# YET ANOTHER INDUSTRIAL SWITCHER



## Bob Baxter (Jan 3, 2008)

Inspired by Vic Smith's conversion of one of Hartland's Mack switchers, I dug an old Mack out of the box and started whacking away. I decided on a different design and spent many happy hours designing as I built. A generator model contributed the engine and the core of it's radiator. Below are some of the parts that made the "design as you build" cut.









The driver started life in the cab of a Bachmann railtruck. The seat and console were made of styrene.
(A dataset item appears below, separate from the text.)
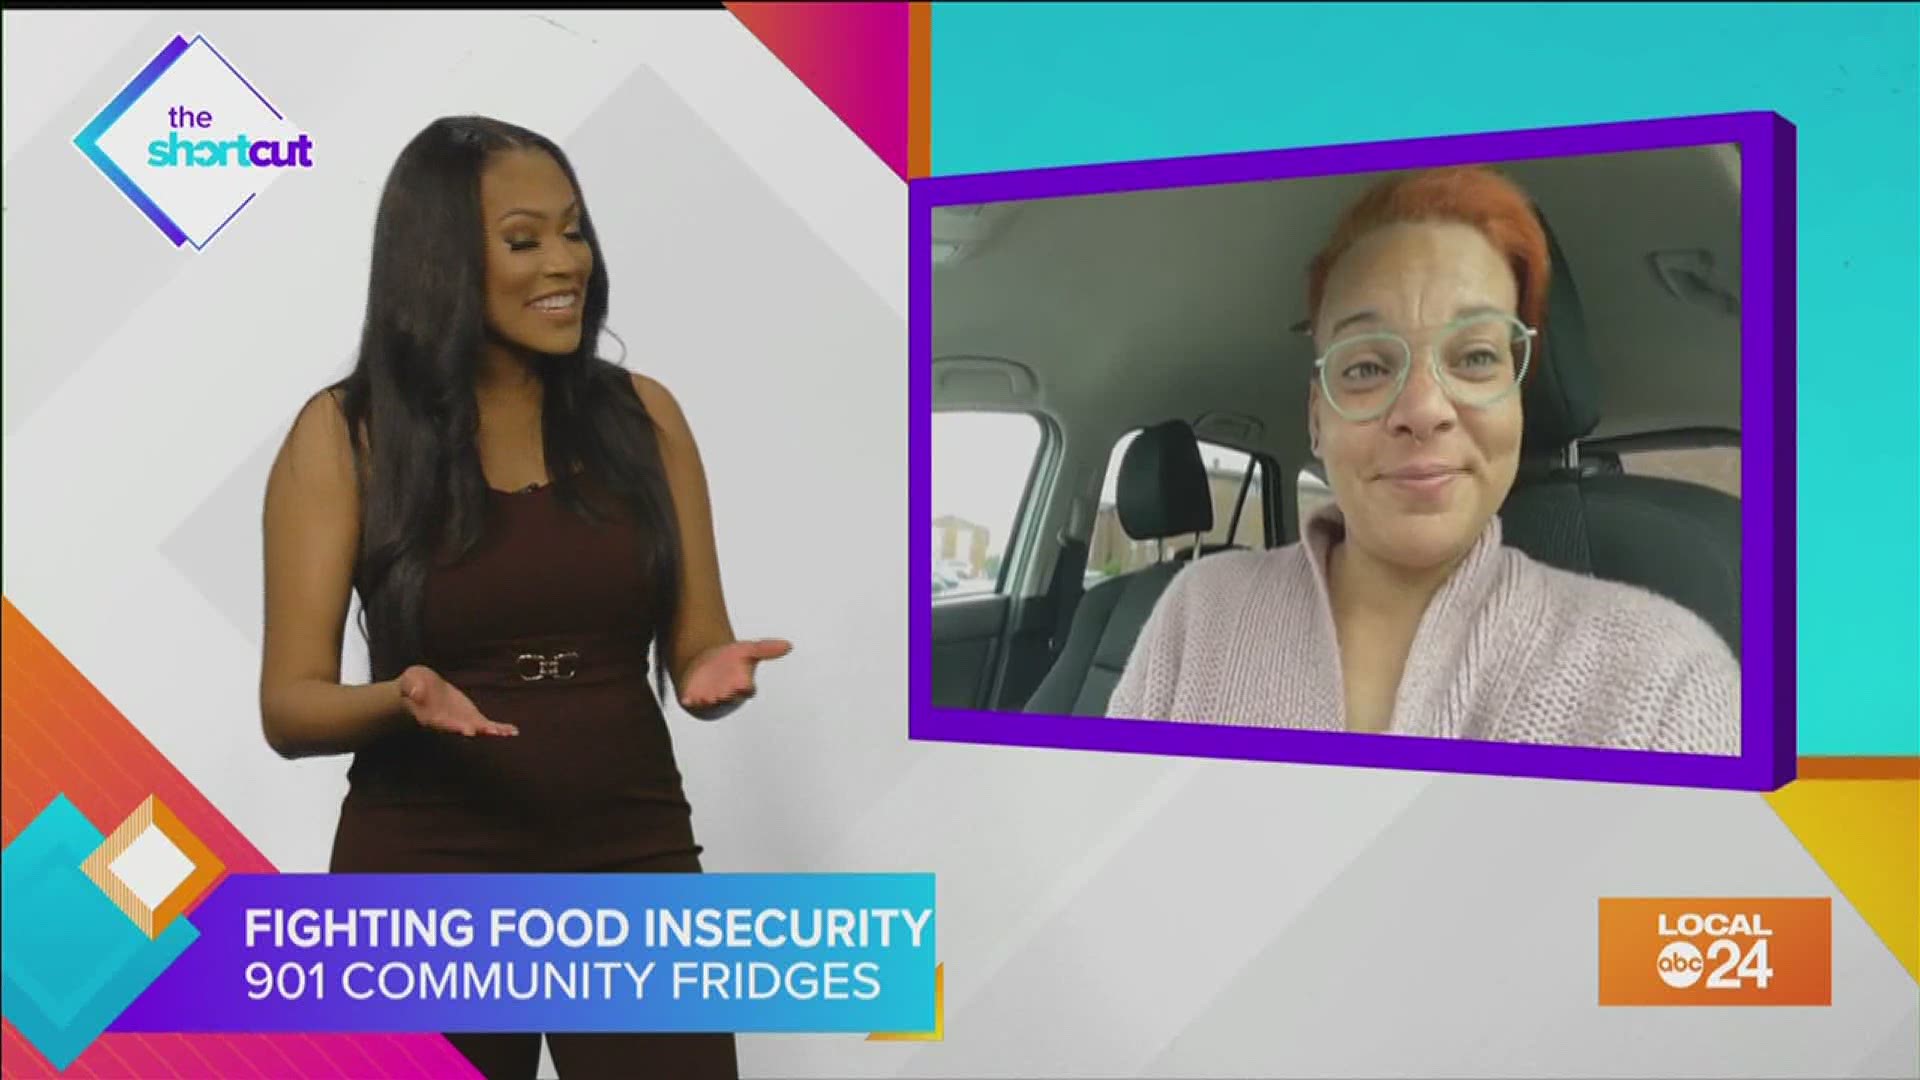 Join host Sydney Neely with guest star LJ Abraham as we take a look at one organization that's fighting food insecurity all across the Memphis area! :D

The controls came from a tractor model.









After a number of false starts and abandoned parts that just didn't look right, this is the final version, all weathered and ready to get to work.
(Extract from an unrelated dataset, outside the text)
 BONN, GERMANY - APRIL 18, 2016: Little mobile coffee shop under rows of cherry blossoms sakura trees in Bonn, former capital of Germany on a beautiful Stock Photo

Seeing Don Gage's Dizzies inspired me to add the barrier stripes which I think, really sets off the heavy duty industrial look. Don made the trip down to my place to demonstrate his skills as a drybrusher. He did most of the weathering but I tackled it and found that I had been doing several things wrong in my early attempts and now my part looks almost as good as his. Thanks, Don. I'll keep practicing.


----------



## Nohandles (Jan 2, 2009)

Nice job! I really like the detailed look. Keep up the good work.


----------



## Mik (Jan 2, 2008)

Now that is one cool looking critter! Want to weather my baby Climax?


----------



## R.W. Marty (Jan 2, 2008)

Bob,
That is very, very nice. I agree, the stripping give it a very industrial look.
Rick Marty


----------



## Les (Feb 11, 2008)

I like the detailing, particularly the motor. The whole works looks great, however! Thanks for sharing the pixes.

Les


----------



## Eric M. (Jan 3, 2008)

That's cool. I love it. Very "chunky". I don't know about the stripes though-- they might be TOO "safe" for my line. ;-) I think most of the crew on my R.R.
would be missing appendages. 


Seriously though, awesome job. 

Regards,


----------



## Spule 4 (Jan 2, 2008)

Looks the part for sure!!!! 

What was the maker of the generator kit?


----------



## vsmith (Jan 2, 2008)

"...What was the maker of the generator kit?..."'

I got mine thru USA 

Bob that looks absolutly gorgeous!


----------



## altterrain (Jan 2, 2008)

Nice critter Bob. Design as you build is the only way to go. Who needs blueprints? 

-Brian


----------



## East Broad Top (Dec 29, 2007)

Very cool (despite being internal combustion). 

Later, 

K


----------



## Stan Cedarleaf (Jan 2, 2008)

Bob, it's just a wonder what you can do in a couple of hours. Fabulous job. Where are the batteries.....


----------



## Les (Feb 11, 2008)

That's why he got in done so quickly and easily--he left the batteries in the car, where they belong. (Evil Grin)









Les


----------



## Bob Baxter (Jan 3, 2008)

Thanks guys, for all the nice comments. Also, a giant THANK YOU to Dwight for helping me with the picture posting process. It was here all the time and I haven't been inclined to explore the process on my own. I try to spend as little time as possible at the computer so I can spend more time with domestic assignments and some occasional model building. 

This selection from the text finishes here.